スタンリー:勝ち逃げかあ? ミッチ:ちょっとトイレ。(とバスルームに消える) 男1の声:モレチャウヨ! オシッコ、モレチャウヨ! スタンリー:ママのおっぱいなんか思い出してんじゃねえぞ。 男1の声:ママー! ママー! 男2の声:アッハッハ。 スタンリー:(カーテンの向こうに戻る)
ブランチ:もうダメ。ステラ。息が上がっちゃって! ステラ:まだやってるわ。あの人たち。 ブランチ:ちょっと待って。(とコンパクトを出して顔を直し出す) ステラ:大丈夫よ。ブランチ。かわいいわ。デイジーみたいに。 ブランチ:さしずめ暑さで萎れたデイジーってとこね。 ステラ:(部屋に入って行って)スタン! いつまでやってるの? スタンリーの声:勝負にケリがつくまでだ! 男1の声:ケリヲツチマエ! ケリヲツチマエ! ステラ:(さらにカーテンの向こうに首を突っ込んで)もう2時よ。
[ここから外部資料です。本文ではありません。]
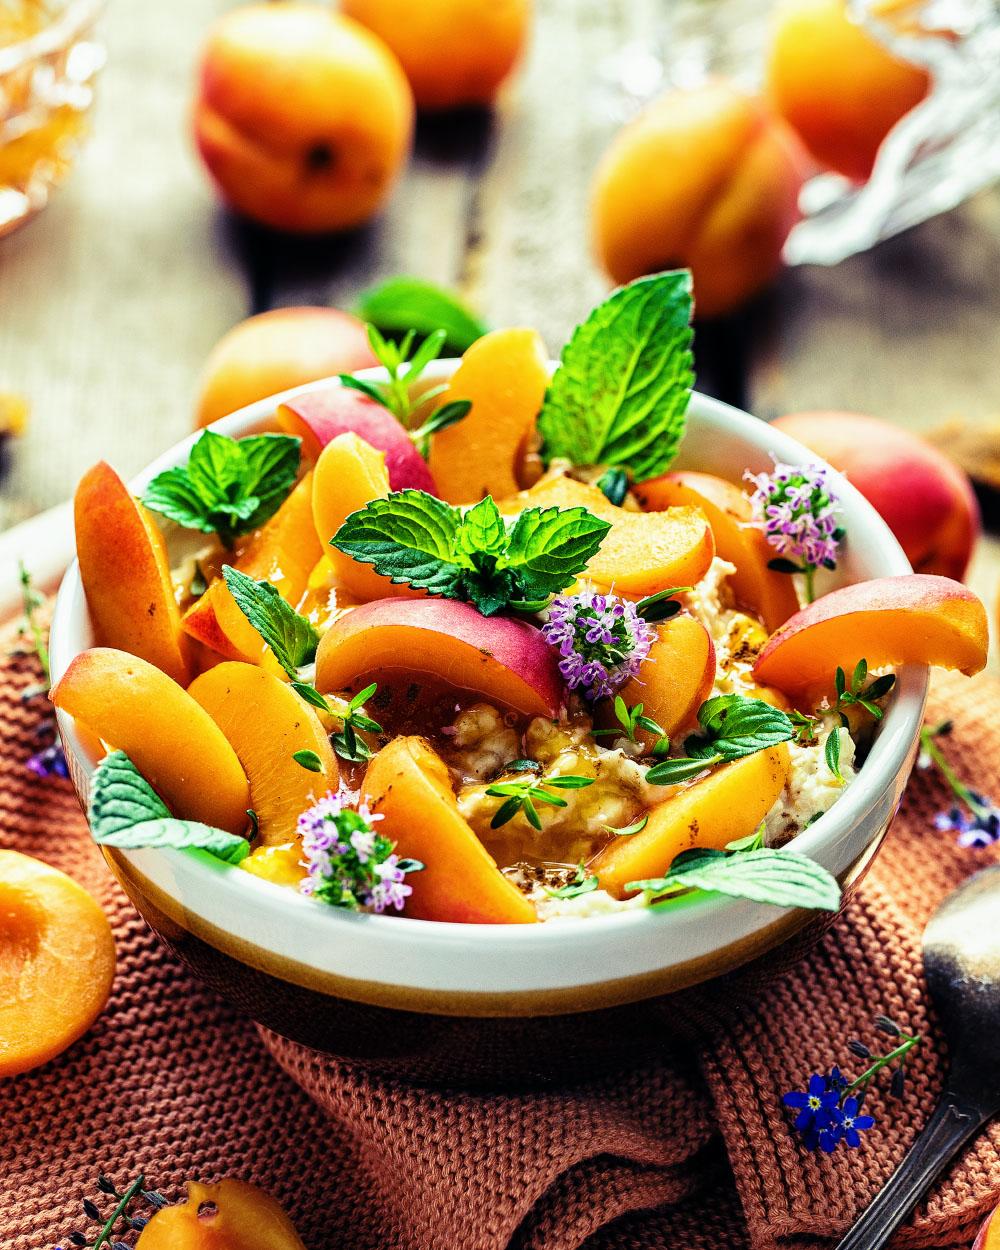 Aprikosen-Oatmeal-Bowl einfaches Rezept für perfektes Sommerfruehstueck

いい加減にしたら? スタンリー:(顔だけ出し)ケリがつくまでだって言ってるだろ? ええ?(と、ステラのケツにケリを入れる) ステラ:ちょっとなによ! やめてよ! 男2の声:アッハッハ。アッハッハ。 ステラ:もう! あったまくる! ブランチ:私シャワー浴びてくるわ。:: ステラ:また?
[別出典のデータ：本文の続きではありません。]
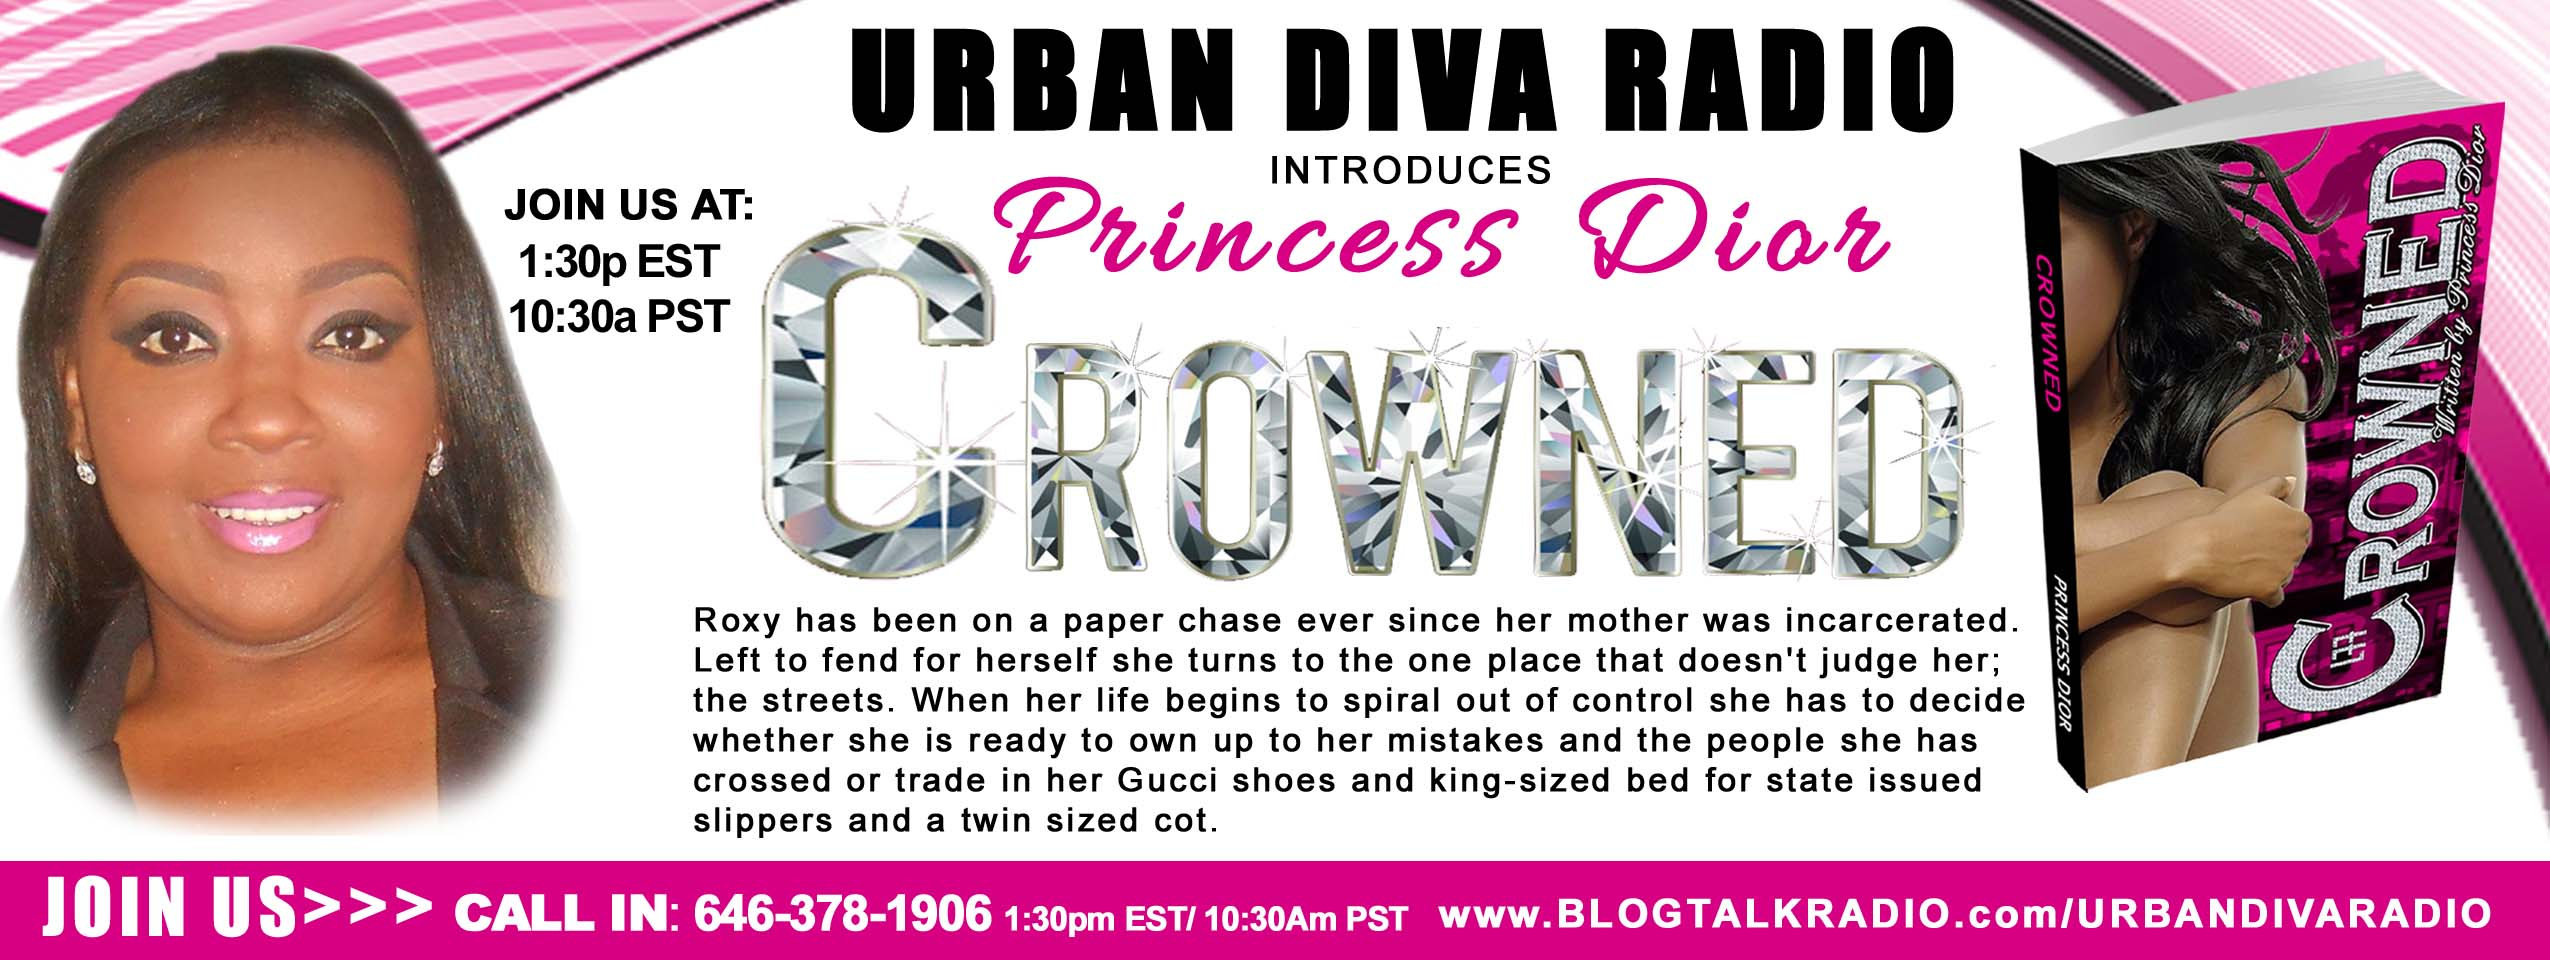 Urban Diva Radio

ブランチ:あら。 ミッチ:あ。どうもすみません。 ステラ:まあミッチ。 ブランチ:いいえ。こちらこそ。 ミッチ:どうも!? ブランチ:アタシの姉さん。ブランチ・デュボア。こちらはハロルド・ミッチェル。 ミッチ:はじめましてミス……、デュボア。(と握手を求めるが) ステラ:お母さんの具合はどう? ミッチ:ああ。カスタードクリーム美味しかったって。喜んでたよ。じゃあ。(と振り返りつつカーテンの向こうに戻っていく) ブランチ:あの人はまともそうね。 ステラ:ええ。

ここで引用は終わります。